[Start of section]

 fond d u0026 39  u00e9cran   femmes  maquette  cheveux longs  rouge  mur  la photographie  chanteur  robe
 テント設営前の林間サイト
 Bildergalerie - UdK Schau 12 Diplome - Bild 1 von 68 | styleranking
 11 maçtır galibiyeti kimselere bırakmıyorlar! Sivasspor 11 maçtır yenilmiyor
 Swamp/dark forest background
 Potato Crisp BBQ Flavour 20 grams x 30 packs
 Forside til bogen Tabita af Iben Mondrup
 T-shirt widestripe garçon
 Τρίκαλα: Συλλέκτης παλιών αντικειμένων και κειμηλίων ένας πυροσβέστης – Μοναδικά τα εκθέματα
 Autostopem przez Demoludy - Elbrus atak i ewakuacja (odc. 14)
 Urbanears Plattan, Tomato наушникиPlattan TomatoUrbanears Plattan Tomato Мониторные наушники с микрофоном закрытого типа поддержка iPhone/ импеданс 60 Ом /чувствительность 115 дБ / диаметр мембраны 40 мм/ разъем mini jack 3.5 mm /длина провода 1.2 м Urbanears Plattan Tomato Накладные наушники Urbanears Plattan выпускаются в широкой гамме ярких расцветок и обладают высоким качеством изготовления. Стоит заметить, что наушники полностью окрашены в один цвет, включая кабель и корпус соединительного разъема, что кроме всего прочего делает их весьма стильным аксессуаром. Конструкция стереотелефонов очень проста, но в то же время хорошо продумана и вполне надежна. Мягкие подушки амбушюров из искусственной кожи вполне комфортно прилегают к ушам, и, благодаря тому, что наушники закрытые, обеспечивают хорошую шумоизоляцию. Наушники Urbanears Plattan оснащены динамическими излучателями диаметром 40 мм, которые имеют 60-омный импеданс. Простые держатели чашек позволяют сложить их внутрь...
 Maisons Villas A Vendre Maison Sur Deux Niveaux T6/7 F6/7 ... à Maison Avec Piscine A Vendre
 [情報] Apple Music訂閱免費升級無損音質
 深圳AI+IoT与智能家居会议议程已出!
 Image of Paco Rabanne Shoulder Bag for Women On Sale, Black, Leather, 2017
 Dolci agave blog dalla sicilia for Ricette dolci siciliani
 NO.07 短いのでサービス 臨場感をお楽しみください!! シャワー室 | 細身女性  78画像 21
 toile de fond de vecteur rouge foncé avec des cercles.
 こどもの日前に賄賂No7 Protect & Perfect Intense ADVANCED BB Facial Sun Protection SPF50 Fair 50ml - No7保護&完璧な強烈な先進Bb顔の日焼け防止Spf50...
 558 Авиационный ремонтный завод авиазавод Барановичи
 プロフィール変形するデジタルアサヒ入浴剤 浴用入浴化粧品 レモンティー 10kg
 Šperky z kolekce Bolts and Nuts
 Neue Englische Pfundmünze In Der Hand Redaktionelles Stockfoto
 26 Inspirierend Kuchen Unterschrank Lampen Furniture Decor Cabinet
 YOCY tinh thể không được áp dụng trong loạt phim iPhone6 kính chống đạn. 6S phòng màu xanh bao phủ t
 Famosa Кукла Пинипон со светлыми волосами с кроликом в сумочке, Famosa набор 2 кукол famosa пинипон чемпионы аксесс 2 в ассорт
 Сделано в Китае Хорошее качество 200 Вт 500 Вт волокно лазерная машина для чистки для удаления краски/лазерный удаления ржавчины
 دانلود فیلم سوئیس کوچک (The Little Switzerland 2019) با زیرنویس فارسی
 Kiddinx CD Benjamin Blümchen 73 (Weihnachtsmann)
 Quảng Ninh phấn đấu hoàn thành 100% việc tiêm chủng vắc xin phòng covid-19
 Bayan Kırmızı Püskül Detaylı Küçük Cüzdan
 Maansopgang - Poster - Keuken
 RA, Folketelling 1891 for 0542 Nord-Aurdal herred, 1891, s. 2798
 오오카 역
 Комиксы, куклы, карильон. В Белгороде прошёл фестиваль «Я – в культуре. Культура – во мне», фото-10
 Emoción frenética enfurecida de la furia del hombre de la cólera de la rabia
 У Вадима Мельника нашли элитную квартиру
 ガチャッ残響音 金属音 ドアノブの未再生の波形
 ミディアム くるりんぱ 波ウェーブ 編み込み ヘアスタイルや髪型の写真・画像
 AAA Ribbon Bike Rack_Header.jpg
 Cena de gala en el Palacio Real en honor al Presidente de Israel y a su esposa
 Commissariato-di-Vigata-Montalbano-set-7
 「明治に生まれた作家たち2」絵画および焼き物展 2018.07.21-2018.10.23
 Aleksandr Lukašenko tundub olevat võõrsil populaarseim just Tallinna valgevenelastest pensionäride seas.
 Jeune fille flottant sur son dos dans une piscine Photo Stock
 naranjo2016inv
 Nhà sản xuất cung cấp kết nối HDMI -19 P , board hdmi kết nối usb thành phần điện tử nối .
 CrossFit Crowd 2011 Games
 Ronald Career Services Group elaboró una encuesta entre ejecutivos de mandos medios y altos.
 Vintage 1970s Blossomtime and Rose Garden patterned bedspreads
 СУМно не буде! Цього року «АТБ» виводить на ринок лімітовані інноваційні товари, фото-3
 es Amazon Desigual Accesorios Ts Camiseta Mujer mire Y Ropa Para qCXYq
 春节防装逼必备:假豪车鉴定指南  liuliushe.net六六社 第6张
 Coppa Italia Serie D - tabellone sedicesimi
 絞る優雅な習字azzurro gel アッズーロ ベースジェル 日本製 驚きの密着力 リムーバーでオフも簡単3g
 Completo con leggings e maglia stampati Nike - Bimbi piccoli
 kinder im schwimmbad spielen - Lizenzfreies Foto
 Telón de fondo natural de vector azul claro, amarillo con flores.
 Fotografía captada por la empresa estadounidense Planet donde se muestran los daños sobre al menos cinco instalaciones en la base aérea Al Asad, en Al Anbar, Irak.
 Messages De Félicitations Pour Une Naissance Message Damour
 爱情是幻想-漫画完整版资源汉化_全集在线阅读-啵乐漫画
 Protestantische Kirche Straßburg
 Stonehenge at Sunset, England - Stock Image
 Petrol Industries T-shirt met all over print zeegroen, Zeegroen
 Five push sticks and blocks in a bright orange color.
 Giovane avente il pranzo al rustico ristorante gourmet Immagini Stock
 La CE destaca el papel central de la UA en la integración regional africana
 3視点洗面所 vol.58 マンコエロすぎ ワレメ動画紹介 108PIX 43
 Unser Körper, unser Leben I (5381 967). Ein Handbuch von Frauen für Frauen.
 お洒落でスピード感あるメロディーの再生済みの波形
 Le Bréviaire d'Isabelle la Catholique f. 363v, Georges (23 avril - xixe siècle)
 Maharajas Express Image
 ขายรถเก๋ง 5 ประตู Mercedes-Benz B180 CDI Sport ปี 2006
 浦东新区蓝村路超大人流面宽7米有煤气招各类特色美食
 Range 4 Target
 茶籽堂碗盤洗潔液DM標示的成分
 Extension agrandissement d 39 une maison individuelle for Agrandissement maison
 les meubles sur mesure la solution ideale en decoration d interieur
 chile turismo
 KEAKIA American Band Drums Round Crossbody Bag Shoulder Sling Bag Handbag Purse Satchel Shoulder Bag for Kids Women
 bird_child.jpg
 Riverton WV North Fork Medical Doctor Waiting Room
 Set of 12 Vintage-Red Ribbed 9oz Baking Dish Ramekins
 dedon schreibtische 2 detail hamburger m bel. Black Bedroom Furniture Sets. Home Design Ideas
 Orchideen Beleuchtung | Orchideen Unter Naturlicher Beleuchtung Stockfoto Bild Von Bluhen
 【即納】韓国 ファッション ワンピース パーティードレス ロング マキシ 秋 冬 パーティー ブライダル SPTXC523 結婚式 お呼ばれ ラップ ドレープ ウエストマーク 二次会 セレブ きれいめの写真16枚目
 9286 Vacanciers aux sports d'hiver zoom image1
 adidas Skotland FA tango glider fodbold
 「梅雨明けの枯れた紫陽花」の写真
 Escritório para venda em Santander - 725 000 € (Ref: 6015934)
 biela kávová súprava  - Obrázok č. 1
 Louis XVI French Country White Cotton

[End of section]

- **What is being asked**
Would you print exactly and only the lines of the material above that run from the line with "Coppa Italia Serie D - tabellone sedicesimi" through the line with "chile turismo", both included?

- **Solution to this problem**
 Coppa Italia Serie D - tabellone sedicesimi
 絞る優雅な習字azzurro gel アッズーロ ベースジェル 日本製 驚きの密着力 リムーバーでオフも簡単3g
 Completo con leggings e maglia stampati Nike - Bimbi piccoli
 kinder im schwimmbad spielen - Lizenzfreies Foto
 Telón de fondo natural de vector azul claro, amarillo con flores.
 Fotografía captada por la empresa estadounidense Planet donde se muestran los daños sobre al menos cinco instalaciones en la base aérea Al Asad, en Al Anbar, Irak.
 Messages De Félicitations Pour Une Naissance Message Damour
 爱情是幻想-漫画完整版资源汉化_全集在线阅读-啵乐漫画
 Protestantische Kirche Straßburg
 Stonehenge at Sunset, England - Stock Image
 Petrol Industries T-shirt met all over print zeegroen, Zeegroen
 Five push sticks and blocks in a bright orange color.
 Giovane avente il pranzo al rustico ristorante gourmet Immagini Stock
 La CE destaca el papel central de la UA en la integración regional africana
 3視点洗面所 vol.58 マンコエロすぎ ワレメ動画紹介 108PIX 43
 Unser Körper, unser Leben I (5381 967). Ein Handbuch von Frauen für Frauen.
 お洒落でスピード感あるメロディーの再生済みの波形
 Le Bréviaire d'Isabelle la Catholique f. 363v, Georges (23 avril - xixe siècle)
 Maharajas Express Image
 ขายรถเก๋ง 5 ประตู Mercedes-Benz B180 CDI Sport ปี 2006
 浦东新区蓝村路超大人流面宽7米有煤气招各类特色美食
 Range 4 Target
 茶籽堂碗盤洗潔液DM標示的成分
 Extension agrandissement d 39 une maison individuelle for Agrandissement maison
 les meubles sur mesure la solution ideale en decoration d interieur
 chile turismo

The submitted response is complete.